Data Mining_ Concepts and Techniques - Jiawei Han [160]
To reduce this possibility, we use a lower support threshold than minimum support to find the frequent itemsets local to S (denoted Ls). The rest of the database is then used to compute the actual frequencies of each itemset in Ls. A mechanism is used to determine whether all the global frequent itemsets are included in Ls. If Ls actually contains all the frequent itemsets in D, then only one scan of D is required. Otherwise, a second pass can be done to find the frequent itemsets that were missed in the first pass. The sampling approach is especially beneficial when efficiency is of utmost importance such as in computationally intensive applications that must be run frequently.
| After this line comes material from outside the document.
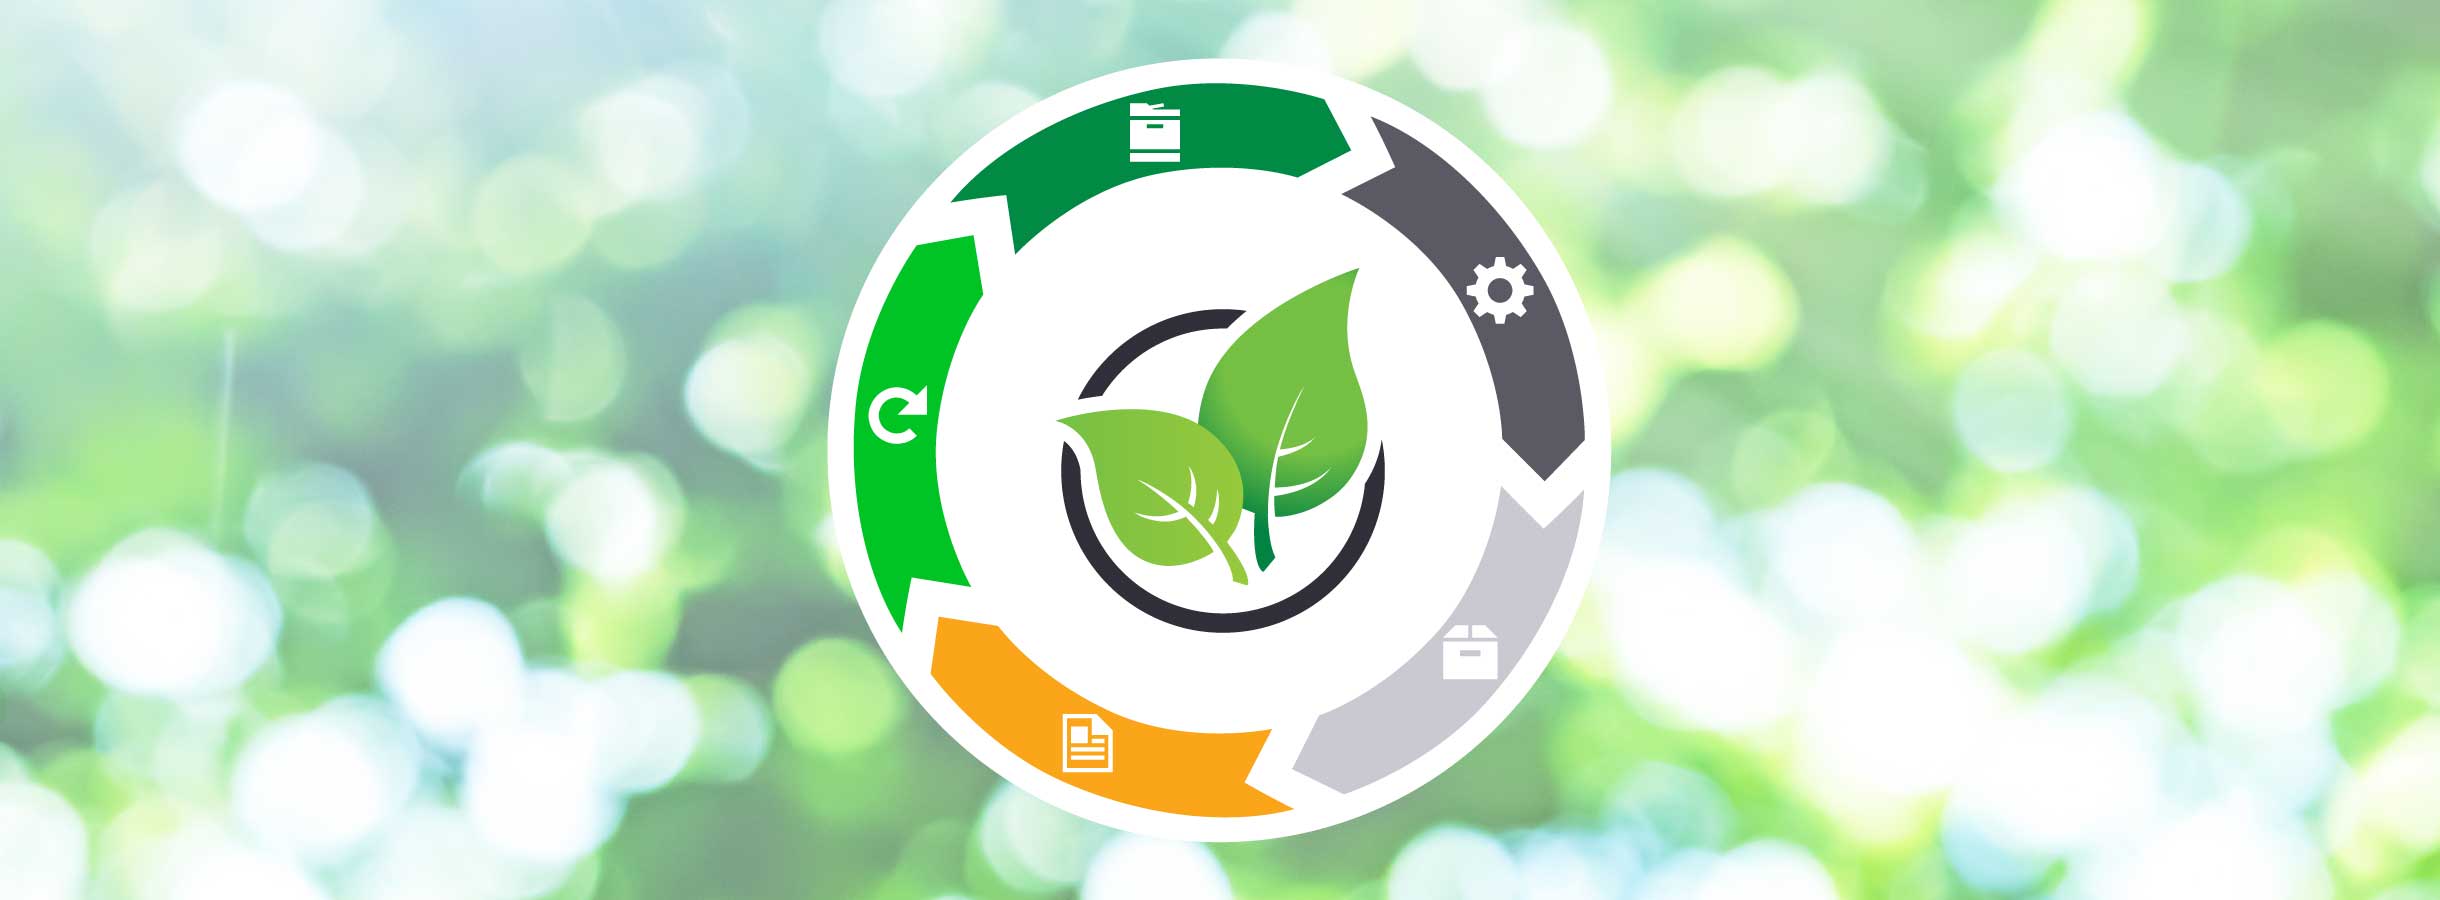 Ilustración del diseño circular de consumibles sostenibles de Lexmark.

Dynamic itemset counting (adding candidate itemsets at different points during a scan): A dynamic itemset counting technique was proposed in which the database is partitioned into blocks marked by start points. In this variation, new candidate itemsets can be added at any start point, unlike in Apriori, which determines new candidate itemsets only immediately before each complete database scan. The technique uses the count-so-far as the lower bound of the actual count. If the count-so-far passes the minimum support, the itemset is added into the frequent itemset collection and can be used to generate longer candidates. This leads to fewer database scans than with Apriori for finding all the frequent itemsets.
Other variations are discussed in the next chapter.
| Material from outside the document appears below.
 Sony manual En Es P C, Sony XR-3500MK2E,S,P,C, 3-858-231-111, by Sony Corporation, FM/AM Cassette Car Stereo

6.2.4. A Pattern-Growth Approach for Mining Frequent Itemsets
As we have seen, in many cases the Apriori candidate generate-and-test method significantly reduces the size of candidate sets, leading to good performance gain. However, it can suffer from two nontrivial costs:
■ It may still need to generate a huge number of candidate sets. For example, if there are 104 frequent 1-itemsets, the Apriori algorithm will need to generate more than 107 candidate 2-itemsets.
■ It may need to repeatedly scan the whole database and check a large set of candidates by pattern matching. It is costly to go over each transaction in the database to determine the support of the candidate itemsets.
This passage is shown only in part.